Unidentified Analyst

Yes. Based on early results, it seems like it’d be safe to say that you’re happy with the relationship, so we don’t have to expect that midyear you’re looking elsewhere.

Frank D. Bracken III

We have a great relationship with them. We’re believers in a number of the technologies that we’re employing. And I think frankly our people are value added into that process. We hold our own there. So we’re very pleased with it and the assets we have today. I think you’ll see us continue to use a number of these processes to try to drive down the number of stages we pump and improve the results that we generate.

Unidentified Analyst

Okay, good. Thanks, guys. Good luck going here.

Frank D. Bracken III

Thank you, Jeff.

Operator

We do have a follow-up question from the line of Ron Mills with Johnson Rice.
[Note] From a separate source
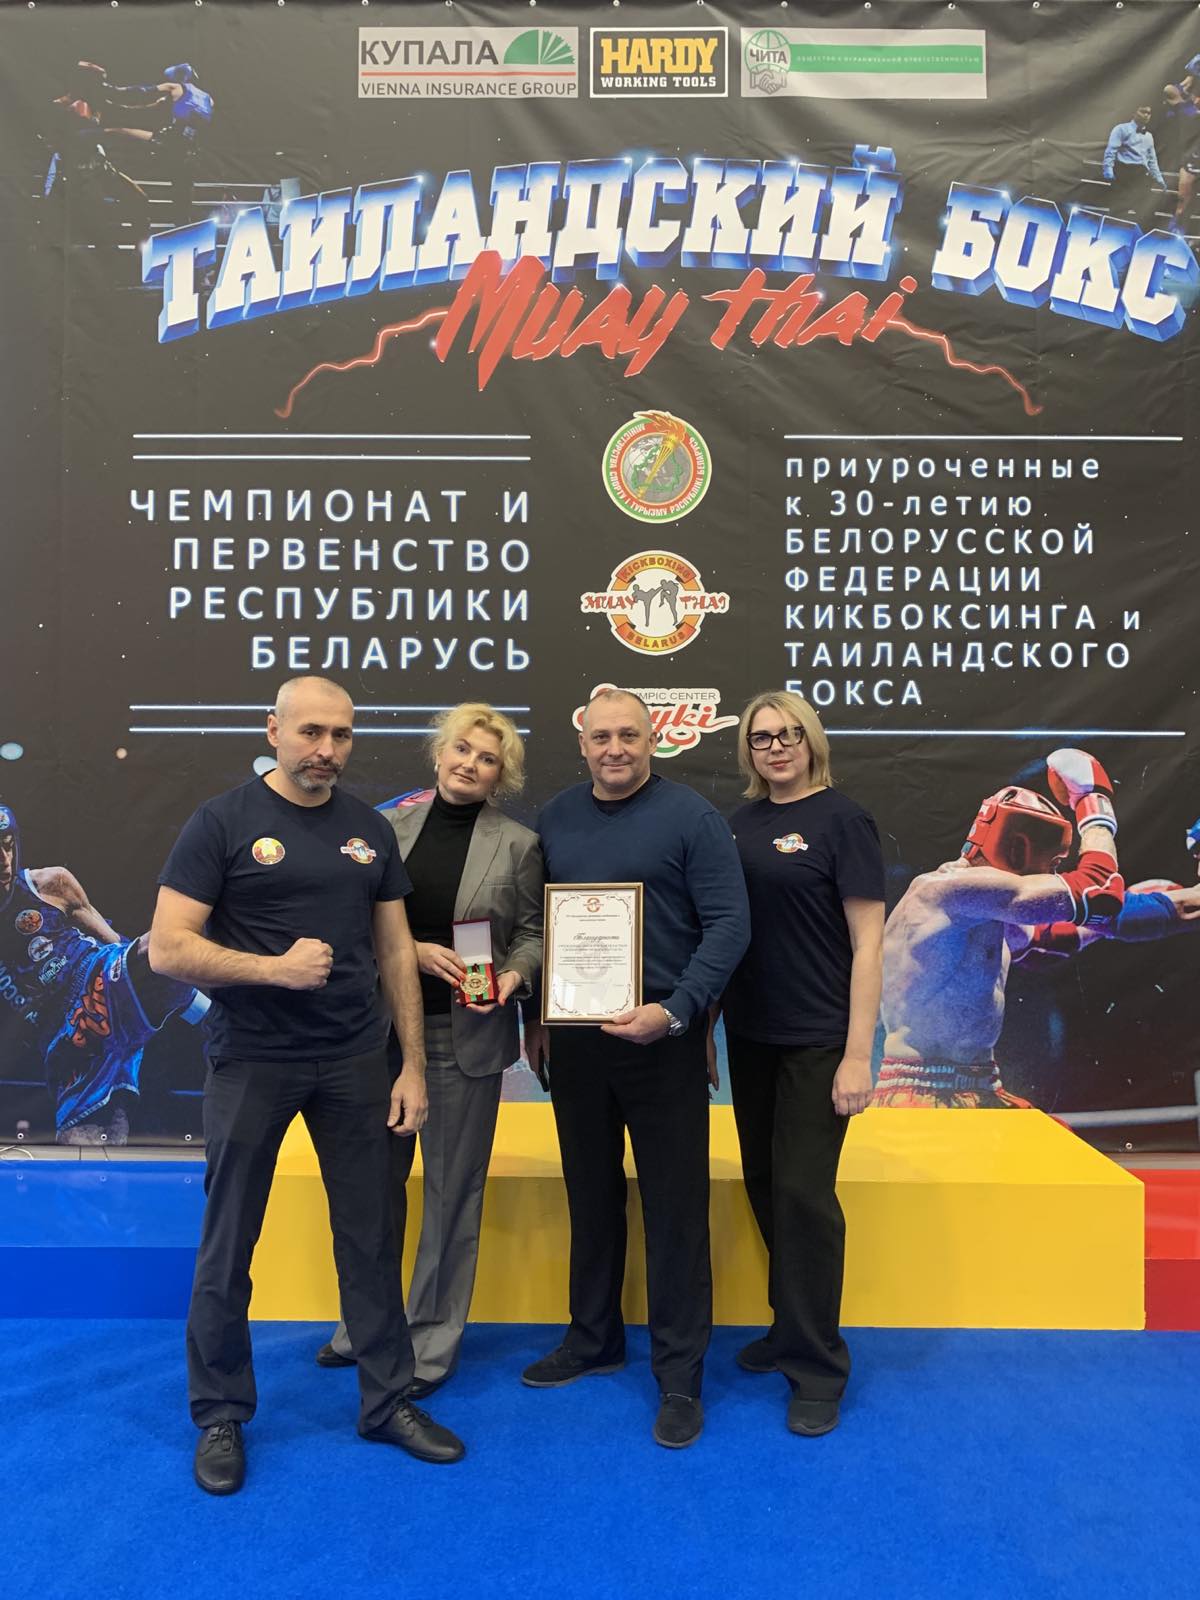 Торжественное мероприятие посвященное 30-ти летию ОО "Белорусской федерации кикбоксинга и таиландского бокса"

Please go ahead.

Ron Mills

And this is the last one, this is for Doug. Just on the fourth quarter on the interest expense line, can you walk through some of the components there? Were there some kind of one-time charges associated with some of those debt repurchases, because given your debt outstanding, I just want to make sure my forward-looking interest expense of kind of 4.5 million or 5 million a quarter is more the run rate?

Doug Banister

There were some issues in regards to the interest expense and the repurchase of the bonds and things that we had to write off some deferred financial costs associated with those that roll through the interest expense line. But the answer is 4.5 or a little north is a good number to use.

Ron Mills

Okay, great. Thank you.

Operator

Thank you. Frank, we have no further questions in the queue.

Frank D. Bracken III

Great. Thanks for your questions and thanks for your time. We think we’re off to a great start both in terms of our production results and our acquisition strategy being successful. And we look forward to sharing more success with you on the next call.

Operator

Ladies and gentlemen, this concludes the Lonestar Resources fourth quarter and year-end 2016 financial results conference call. Thank you for joining us today. You may now disconnect your lines.